** PROBLEM REQUIREMENTS **
Write out every line of the material as it stands, apart from the pictures.

** RECORDS FOR PROCESSING **
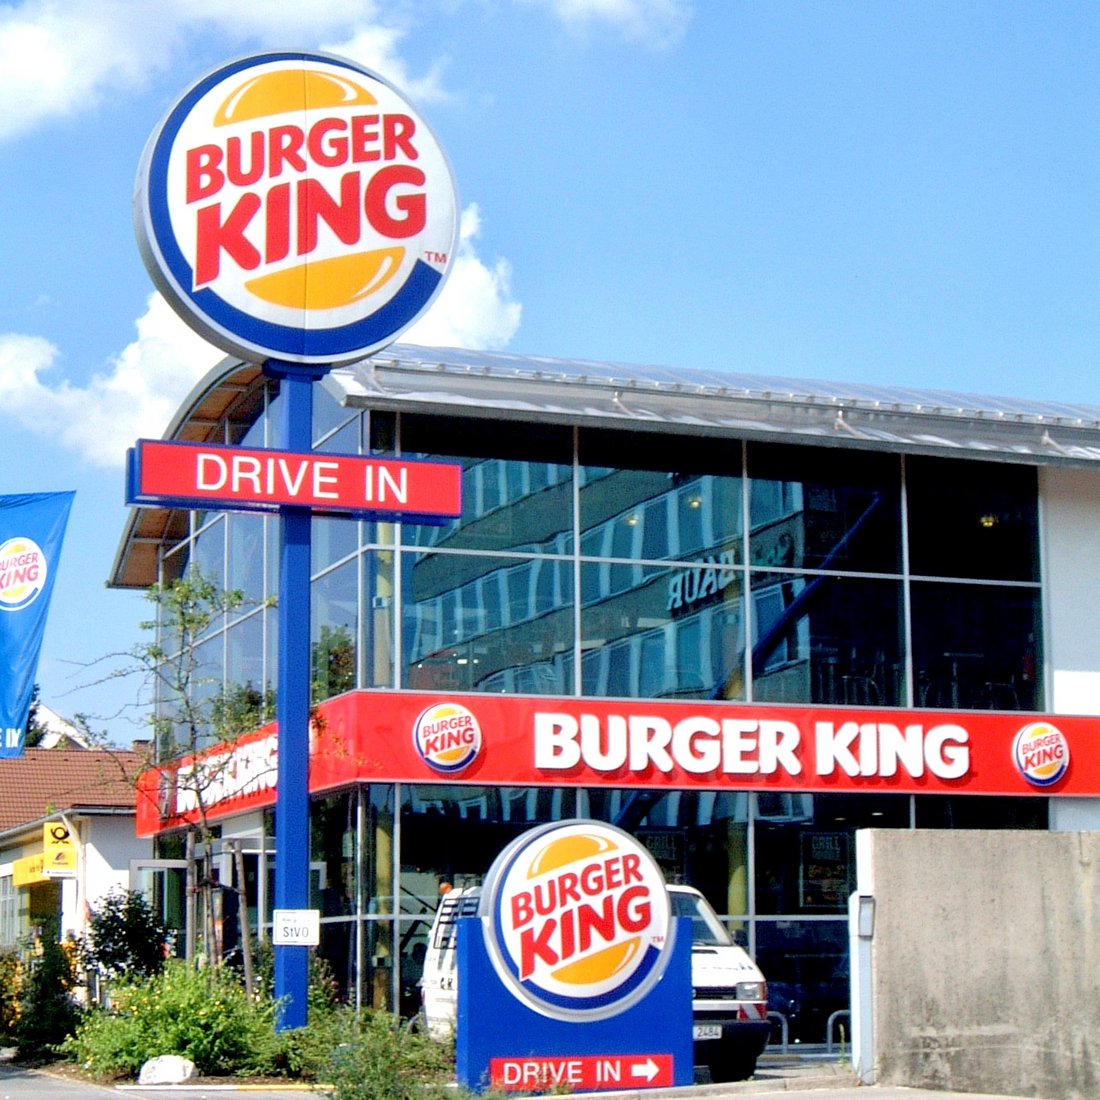 Advertising tower Burger King
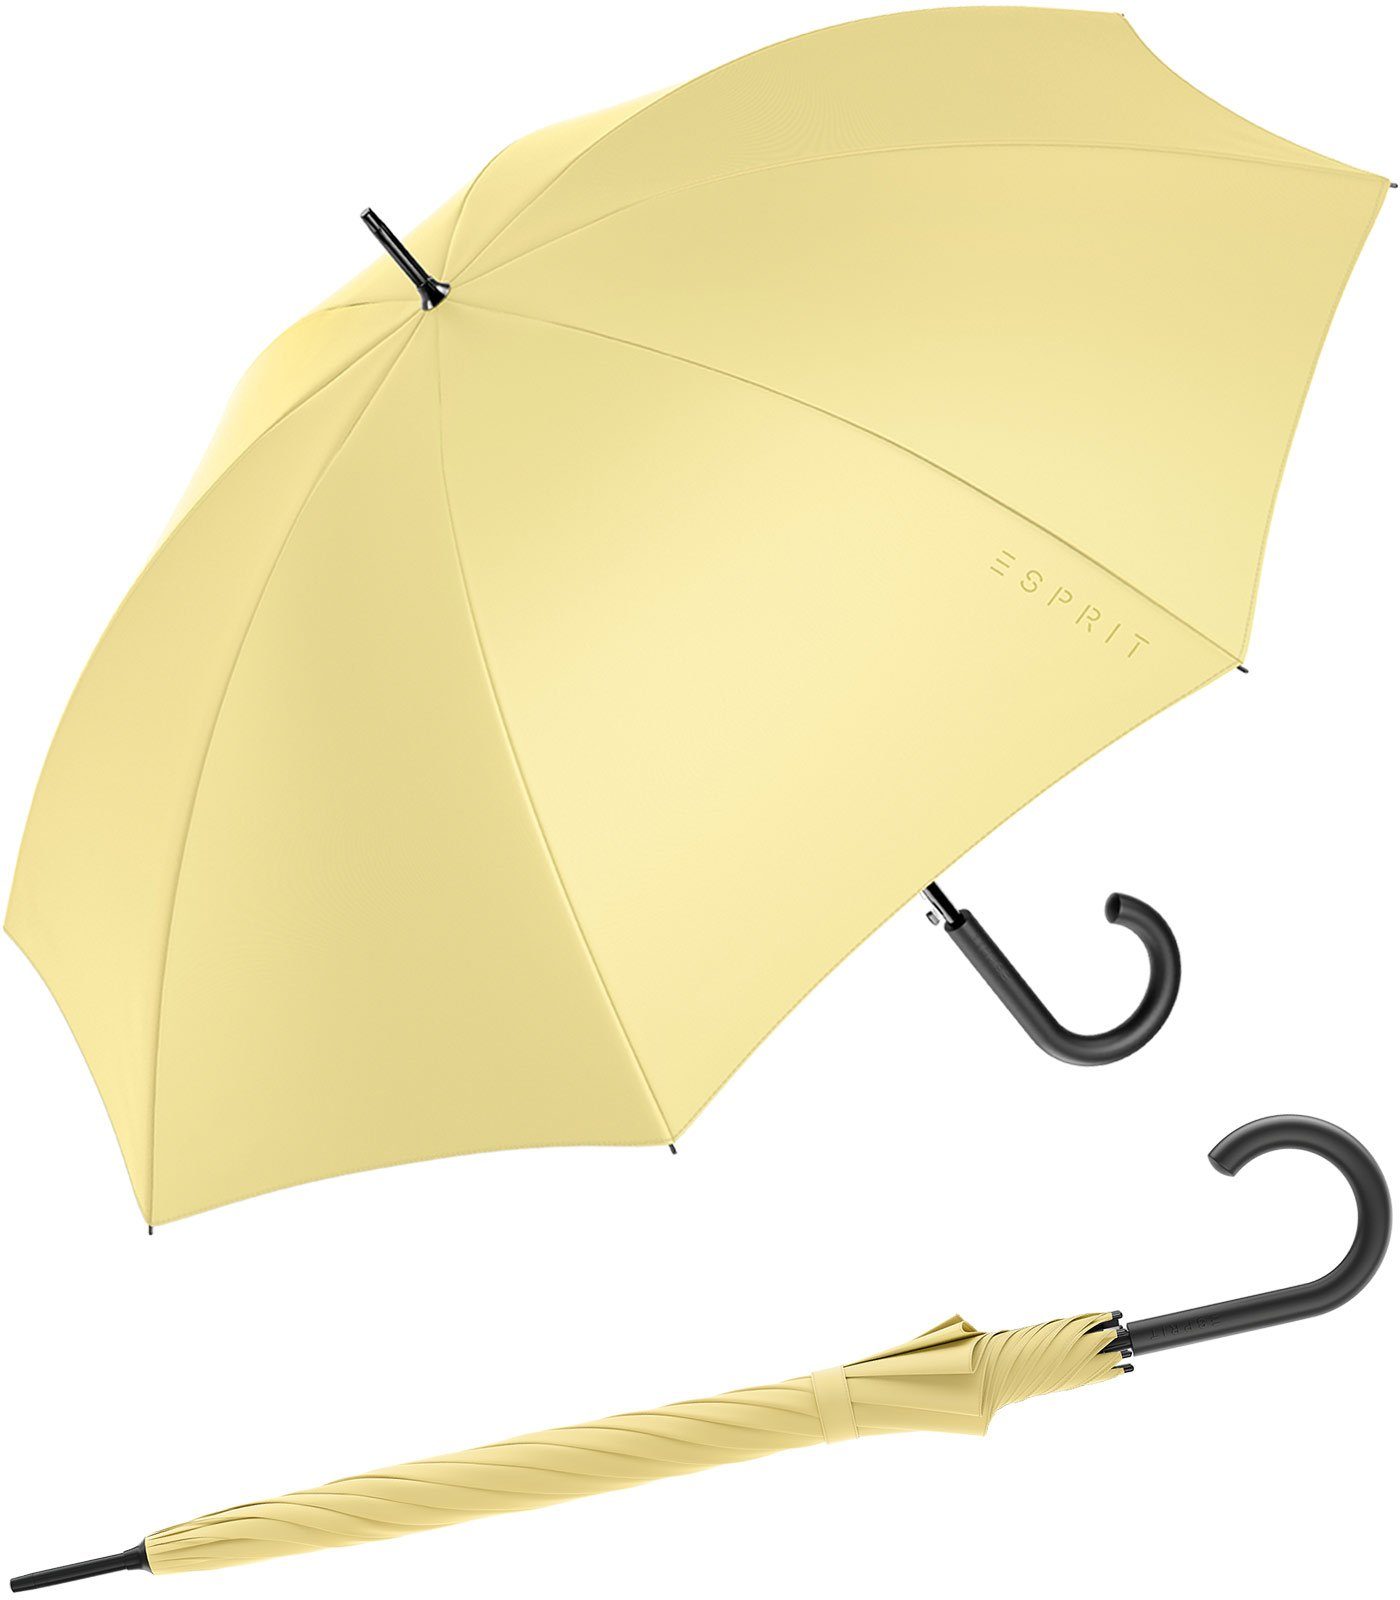 Esprit Stockregenschirm Damen-Regenschirm mit Automatik FJ 2022, groß und stabil, in den Trendfarben gelb
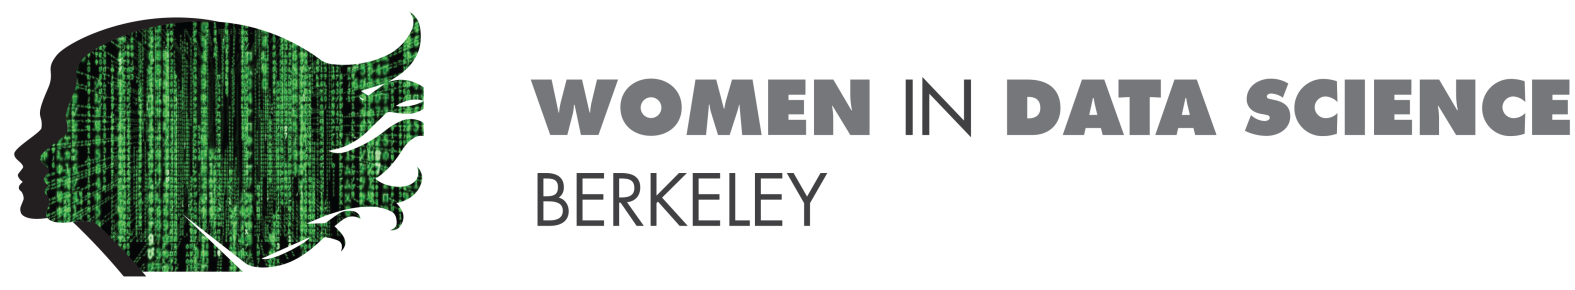 Women in Data Science, Berkeley
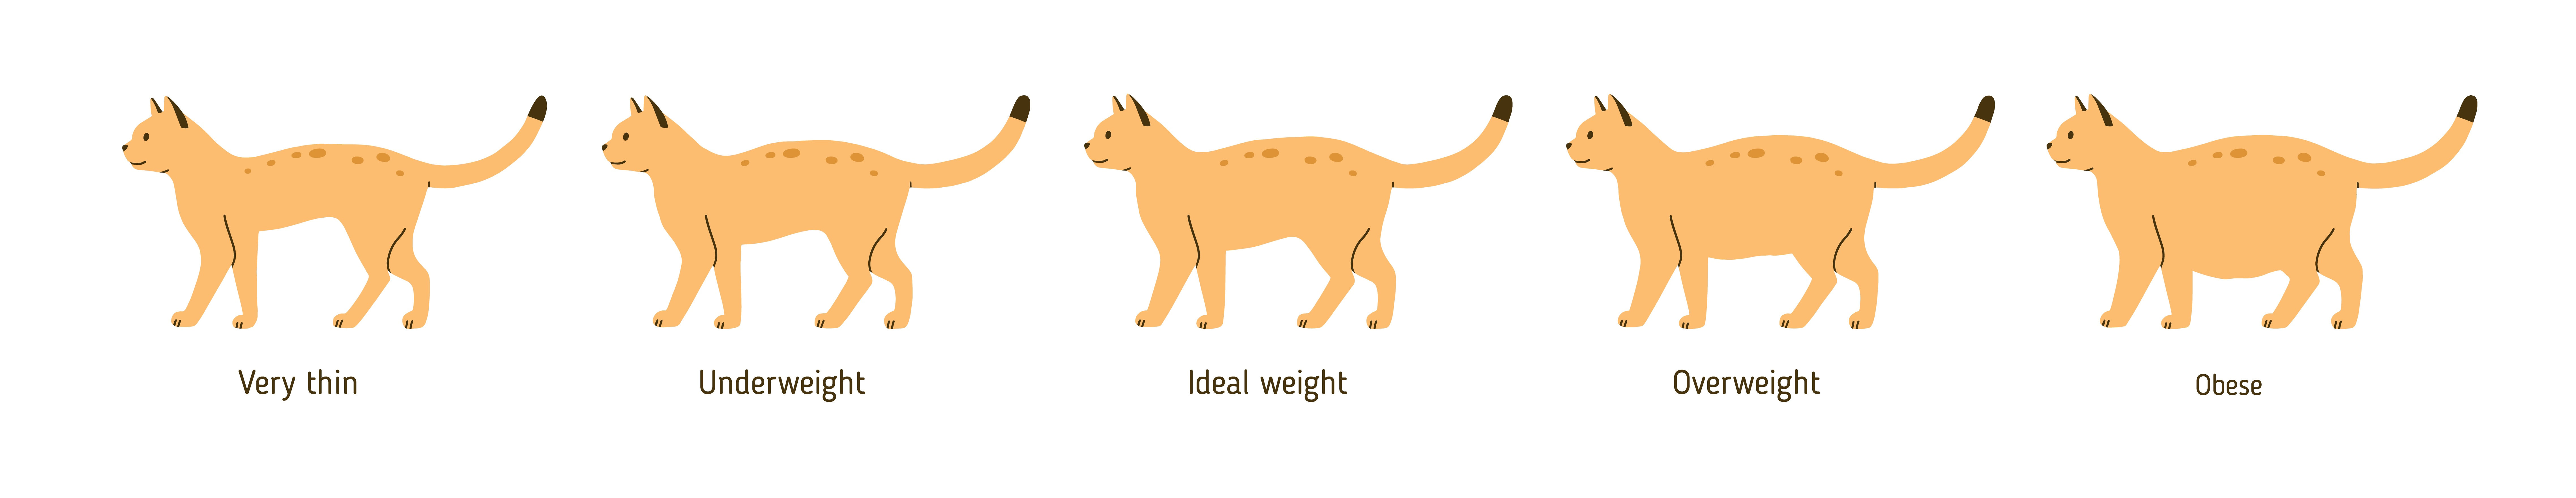 Overweight cat chart, Seattle Vet 
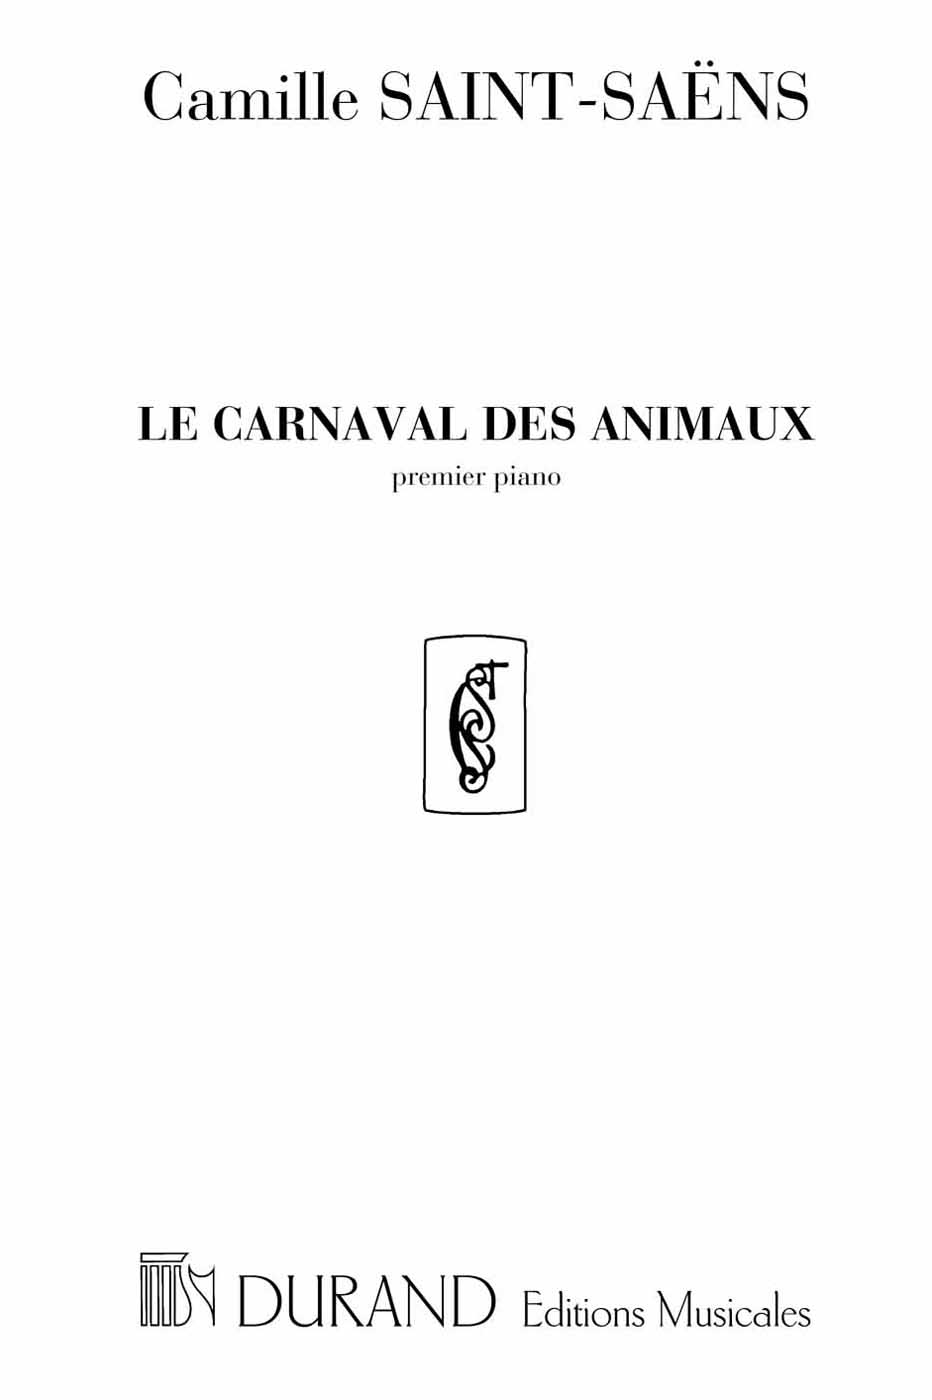 Le Carnaval des animaux, premier piano

** EXPECTED ANSWER **
 Advertising tower Burger King
 Esprit Stockregenschirm Damen-Regenschirm mit Automatik FJ 2022, groß und stabil, in den Trendfarben gelb
 Women in Data Science, Berkeley
 Overweight cat chart, Seattle Vet 
 Le Carnaval des animaux, premier piano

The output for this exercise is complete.